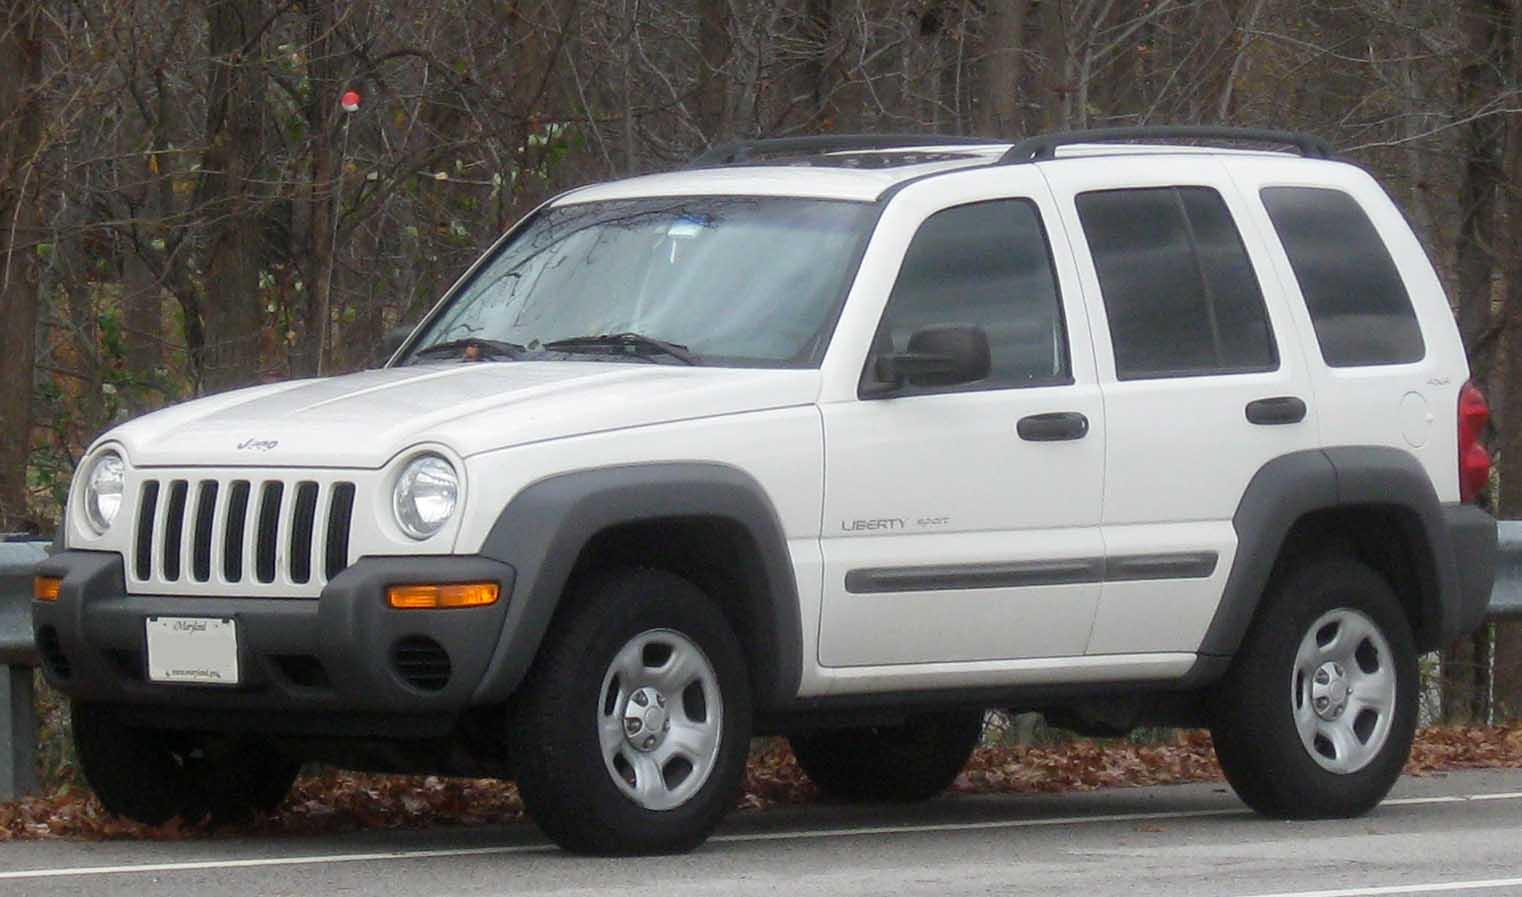 2002 Jeep Liberty #2 Jeep Liberty #2
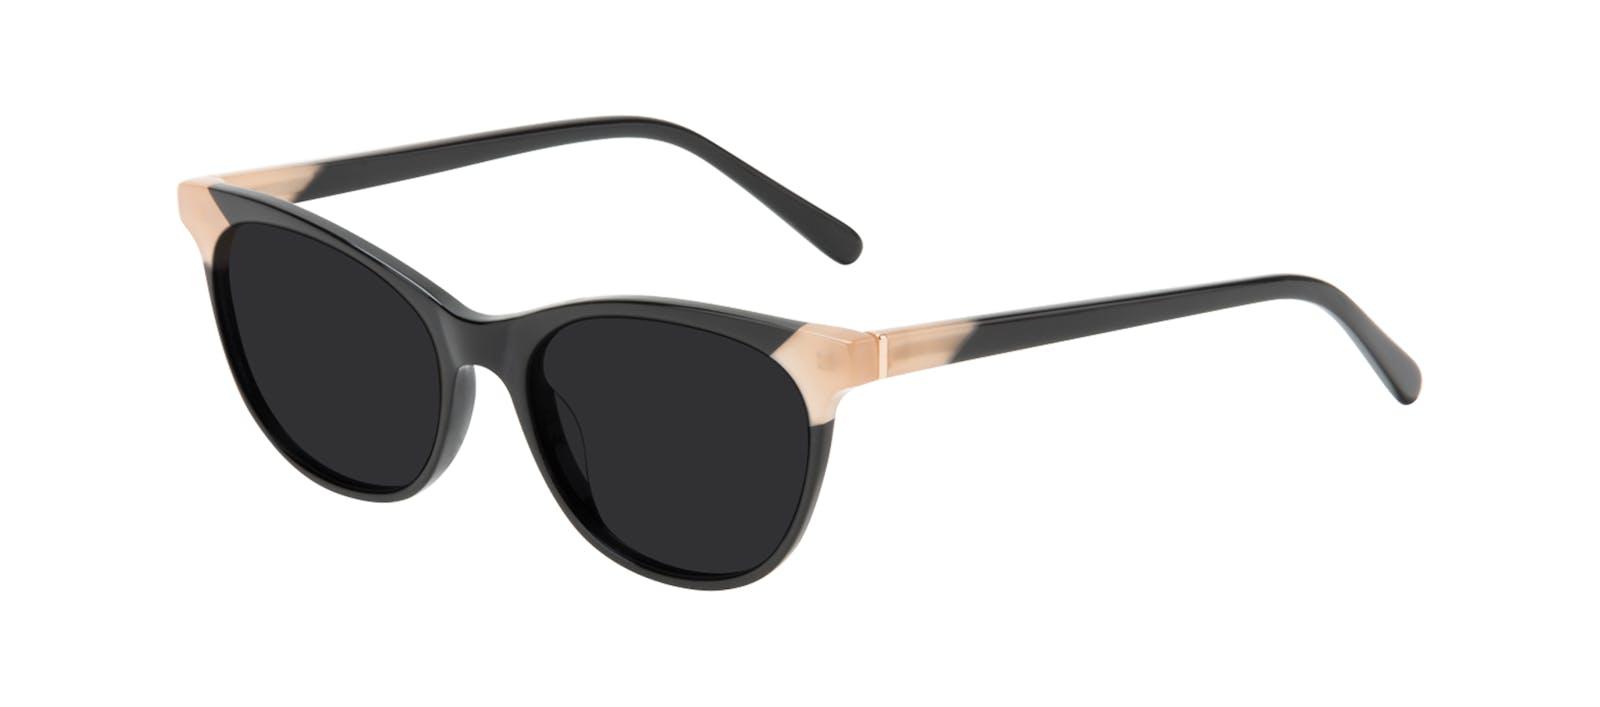 b74b545f2a Affordable Fashion Glasses Cat Eye Sunglasses Women Witty Black Ivory Tilt
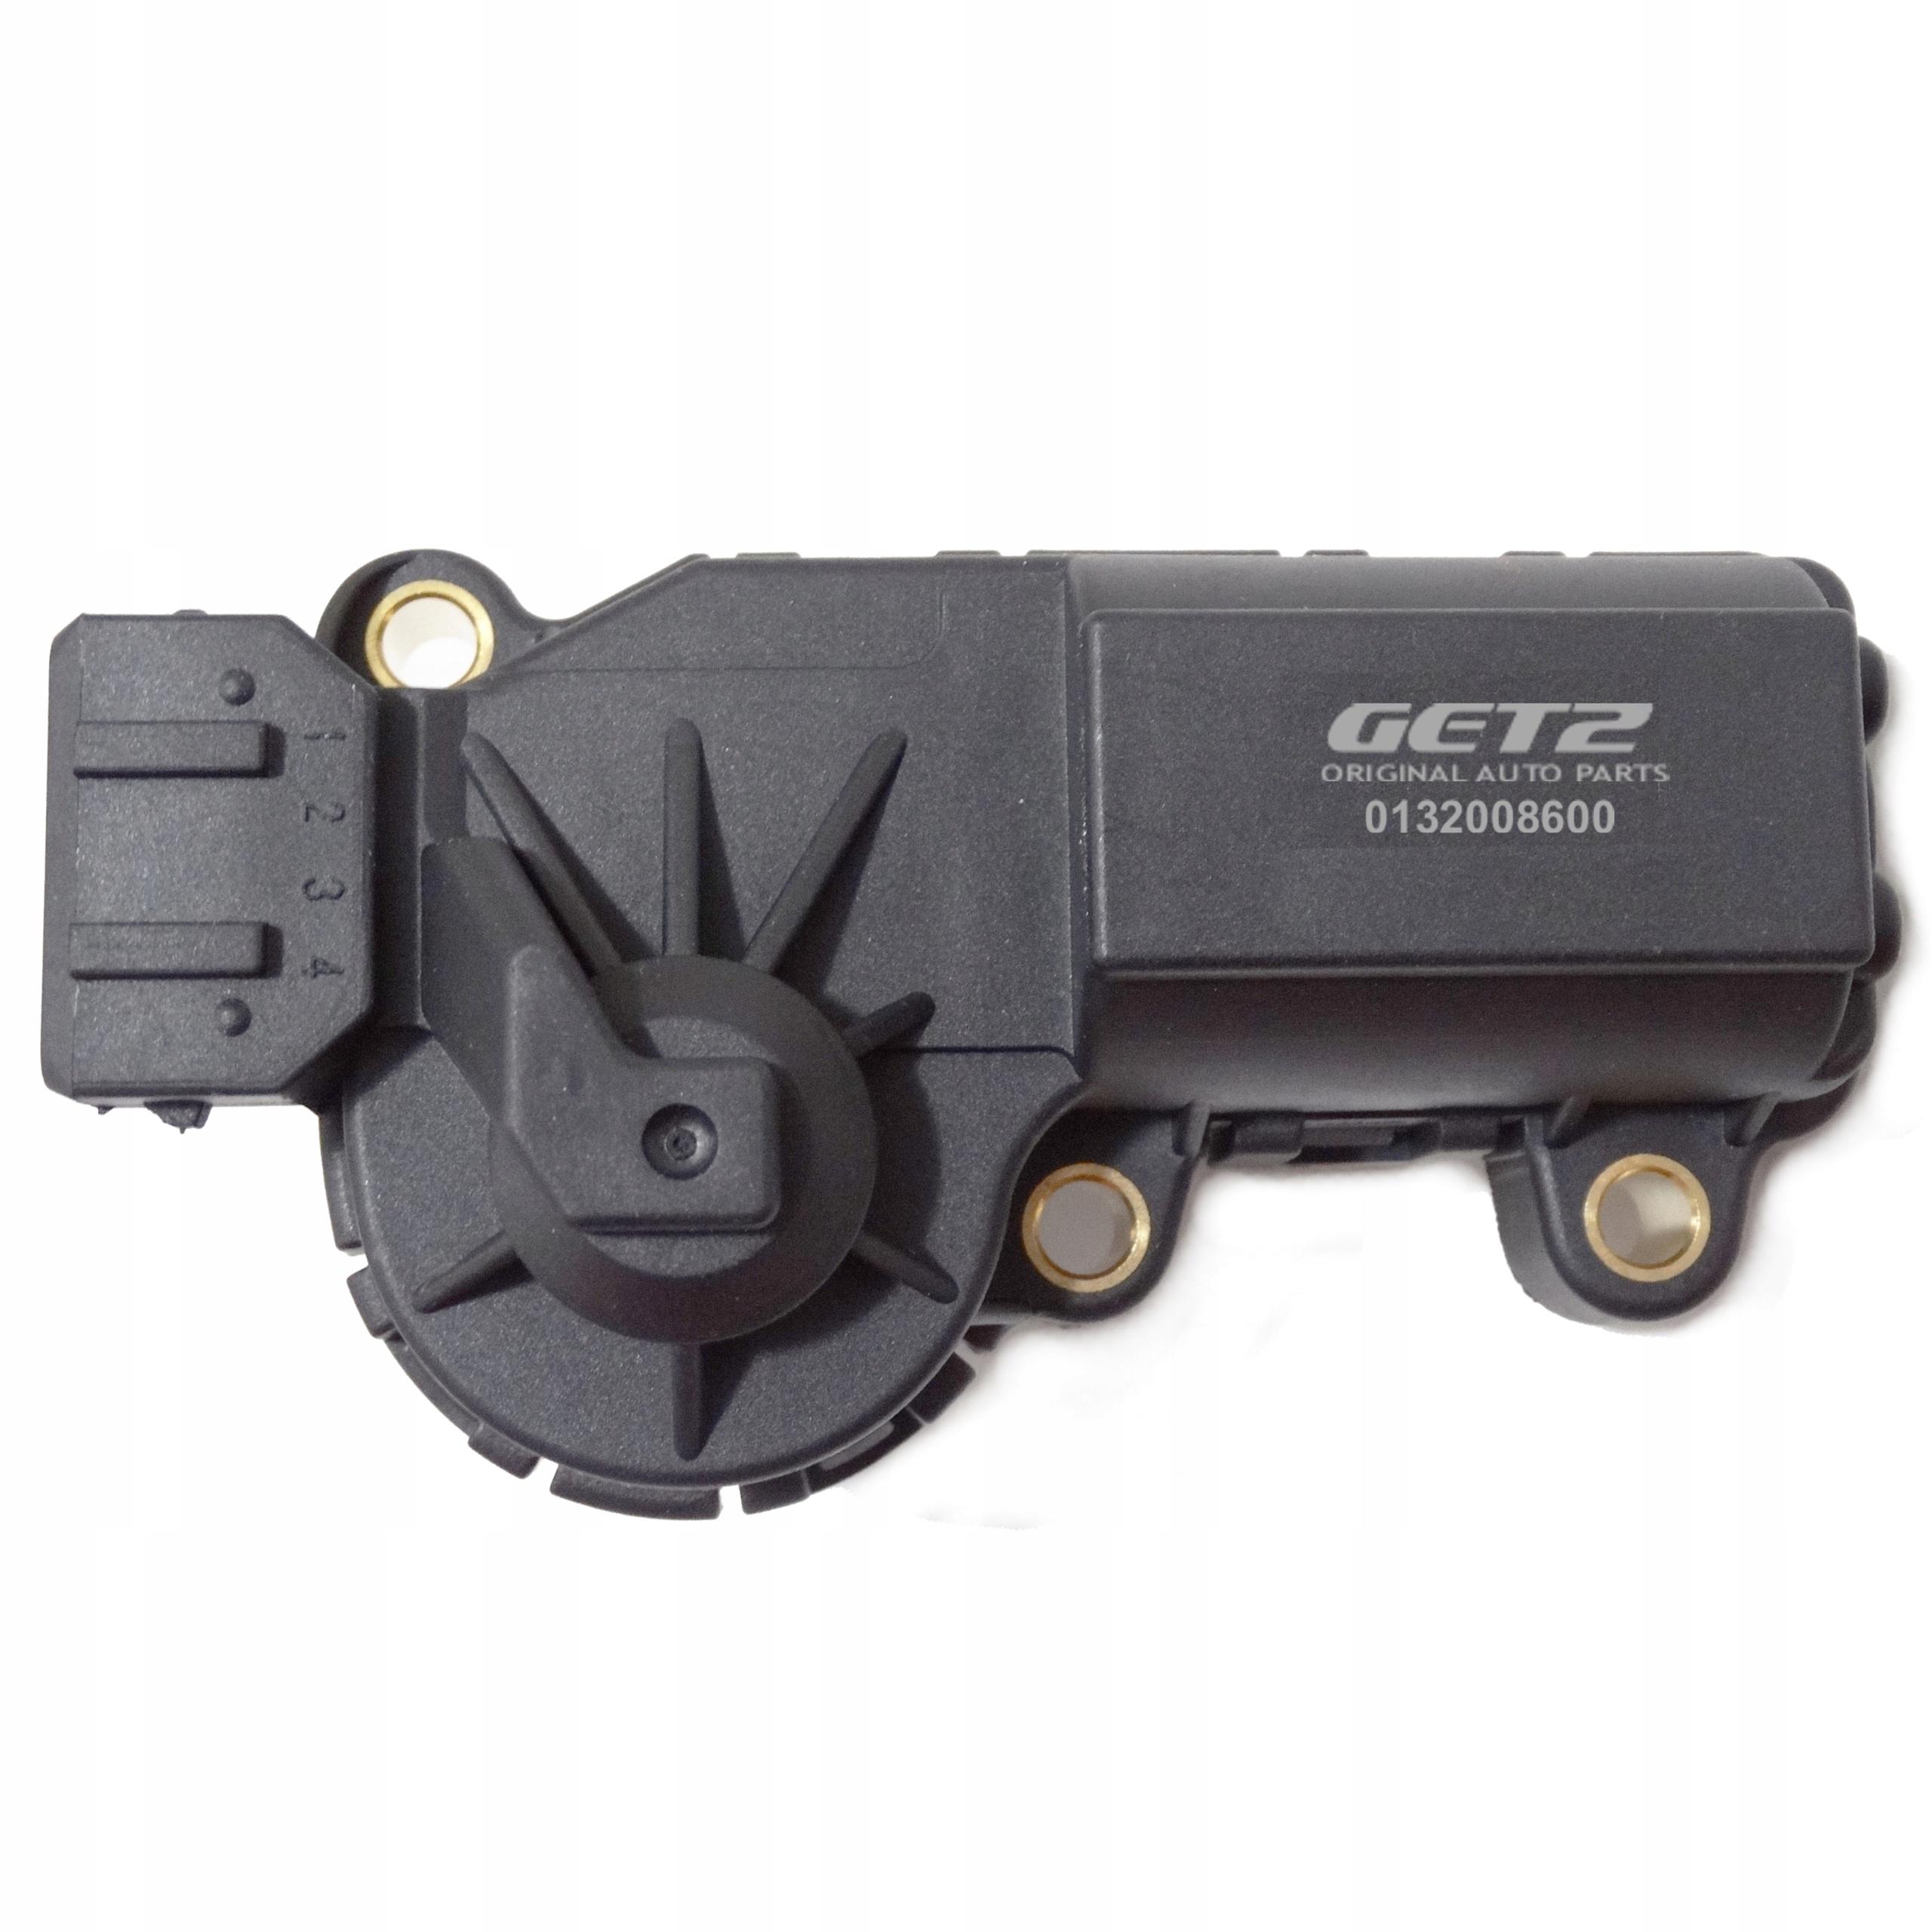 двигатель шаговый opel astra corsa b 10 12 12v

=-=-=-=-=

- _WHAT YOU NEED TO DO_
All of the lines above must be printed again exactly, and no picture may appear in the copy.

- _ANSWER SPACE_
 2002 Jeep Liberty #2 Jeep Liberty #2
 b74b545f2a Affordable Fashion Glasses Cat Eye Sunglasses Women Witty Black Ivory Tilt
 двигатель шаговый opel astra corsa b 10 12 12v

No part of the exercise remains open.